[去りゆく色]
「どうしたら……」
つぶやいて、立ち止まり、彼女は息を飲む。
時折、人々や自転車の穏やかに行き交う煉瓦の道に頭を垂らして、木の葉は一面に色付いていた。日の当たりにくい内側の葉は黄緑で、外側に向かって黄色、橙、赤と、微細に艶(あで)やかに変化してゆく。それは洋服よりも和服を思わせ、活発な若者よりも落ち着いた壮年の人を彷彿とさせる。
「ひかり……」
その木の下に立ち止まっていた女性は微笑みを浮かべ、わずかに唇を動かした。それから彼女は煉瓦の道の脇に少し逸れて、息をつき、軽く背伸びをするのだった。
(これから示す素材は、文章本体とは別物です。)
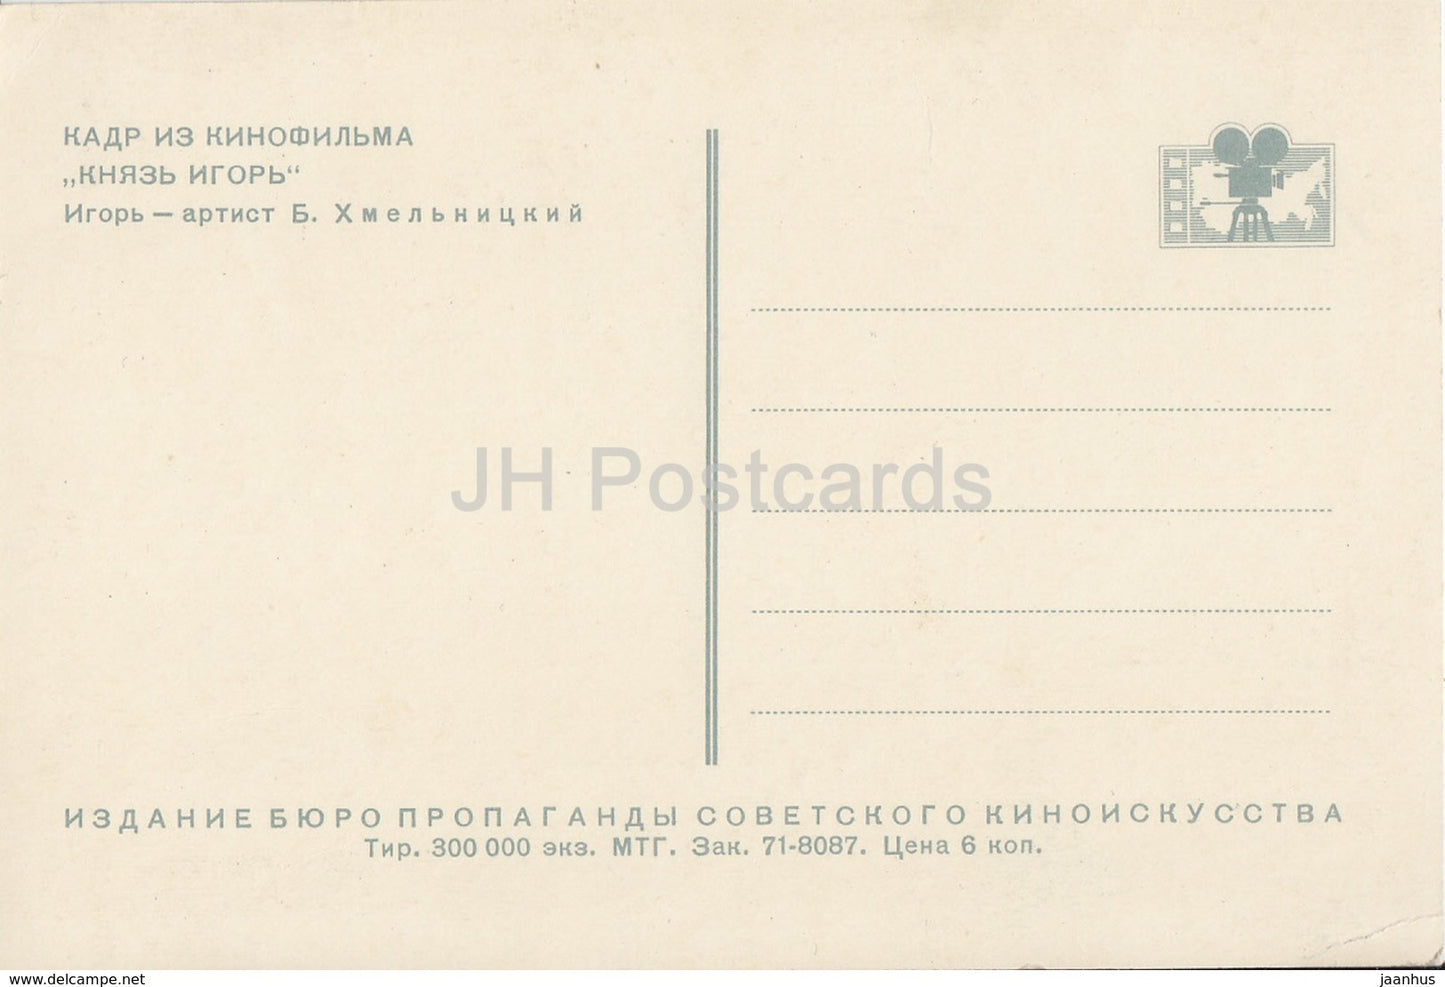 Prince Igor - movie - actor Boris Khmelnitsky - horse - 1973 - Ukraine USSR - unused - JH Postcards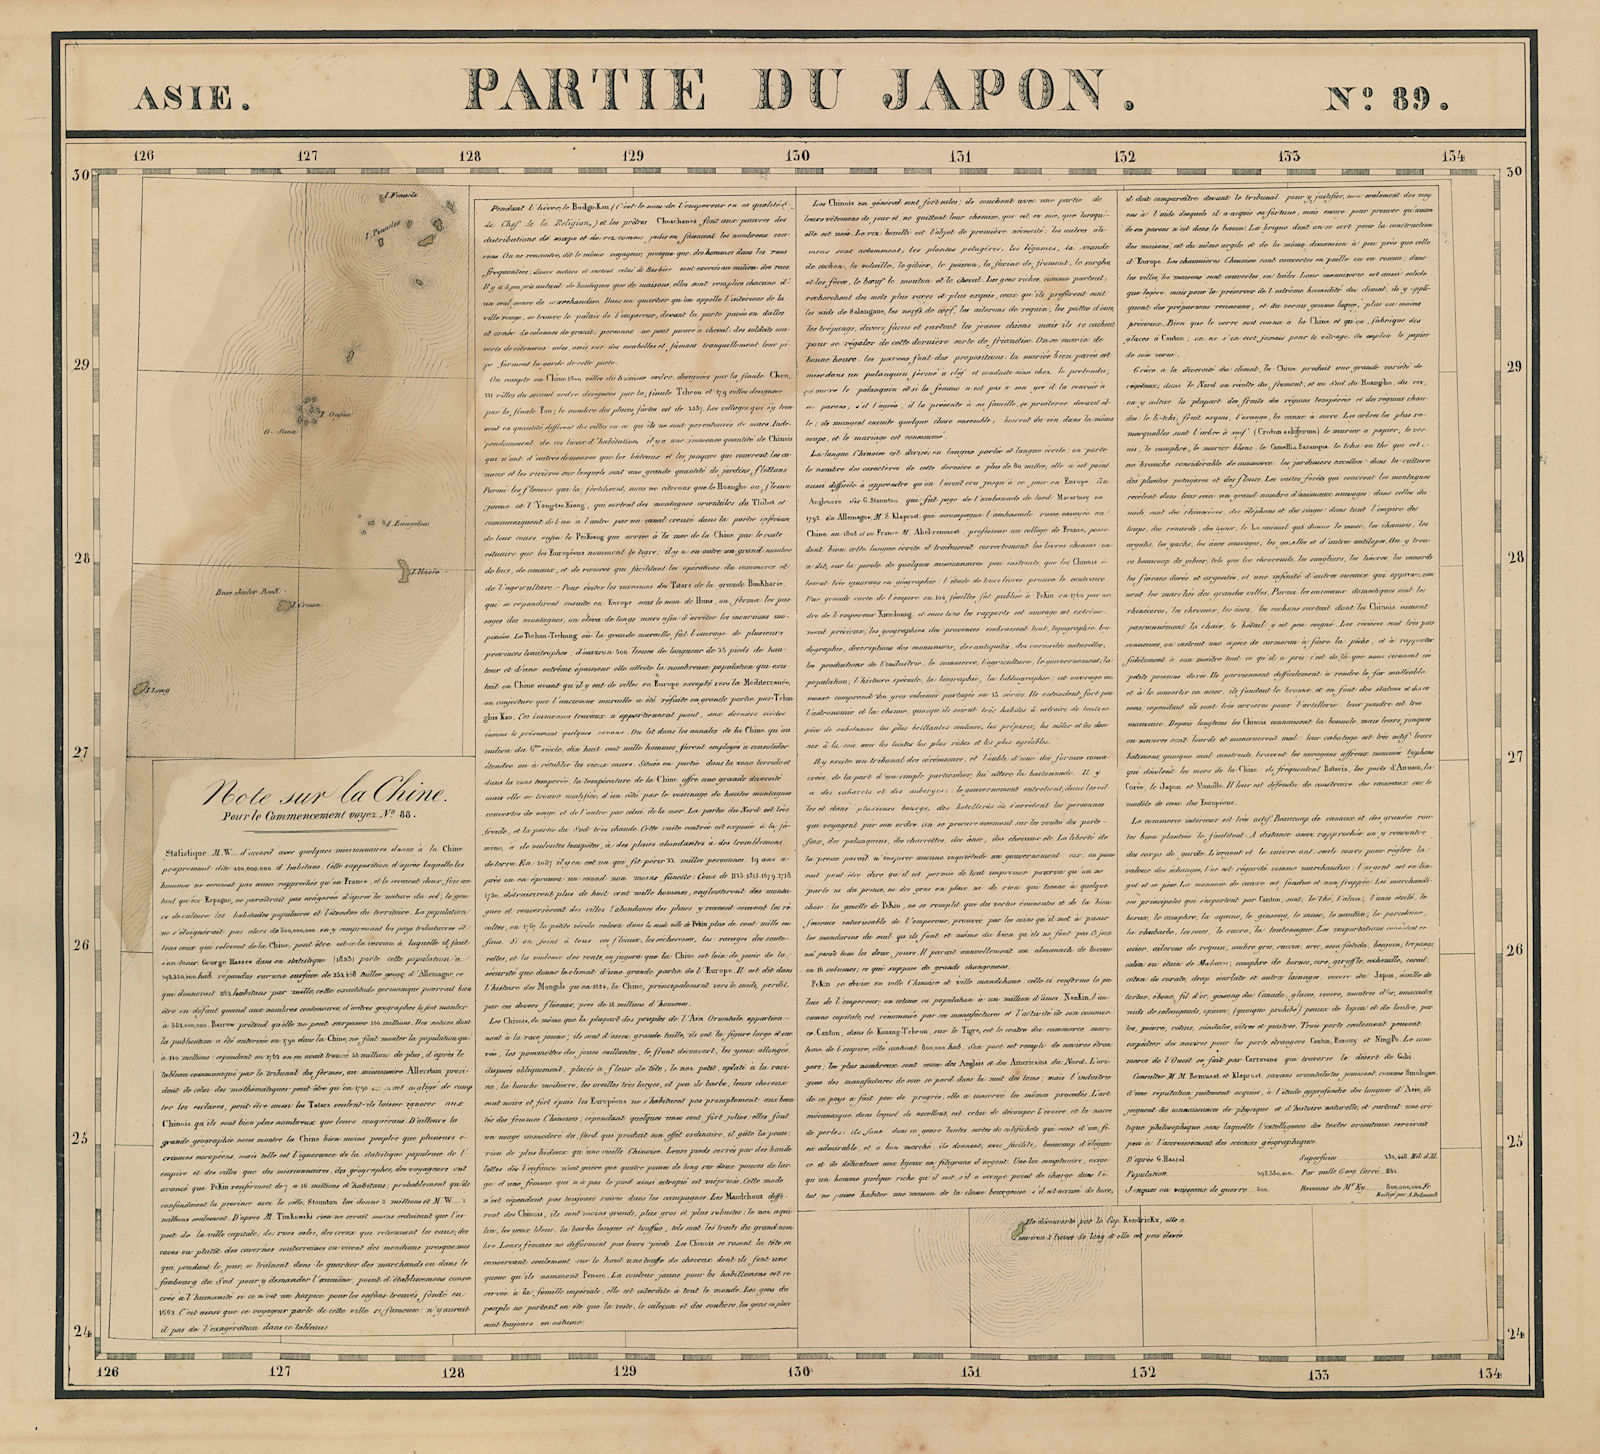 Asie. Partie du Japon #89 Amami/Ryukyu Islands Japan. VANDERMAELEN 1827 map

通勤の鞄を足元に置き、葉の一枚一枚を覗き込めば――赤子の掌(てのひら)のような葉は、いま、裏側から光に照らし出されている。生まれて間もない黄金の朝日は、温かみのある黄色を投げかけつつ、葉の陰影を、それらの色の個性を、鮮やかに映し出す。赤はより赤らしく、夏の太陽の情熱さとは異なる優雅さを。黄は黄色らしく、春の希望よりも落ち着いた気高さを。
だが見れば見るほど、色の表現は深く、難しくなる。とある葉は、赤と橙の間の、橙寄りの、その中間よりも赤寄りで――。
結局のところ、それは唯一〈その葉だけの色〉なのだ。
「あーあ、もっと色んな語彙を知っていれば」
女性はおもむろに鞄を持ち上げ、樹を仰いで歩き出す。様々な人が行き交う道の上で、諸々の葉が照らし出されている。
その身を冷たく清らかな朝の空気にたっぷり浸し、まばゆい光に抱かれて色付いていたのは、楓(かえで)の葉であった。
女性の後ろ姿と足音が、しだいに遠ざかってゆく。
空はより青く、光はより傾いて、やがて秋は終わる。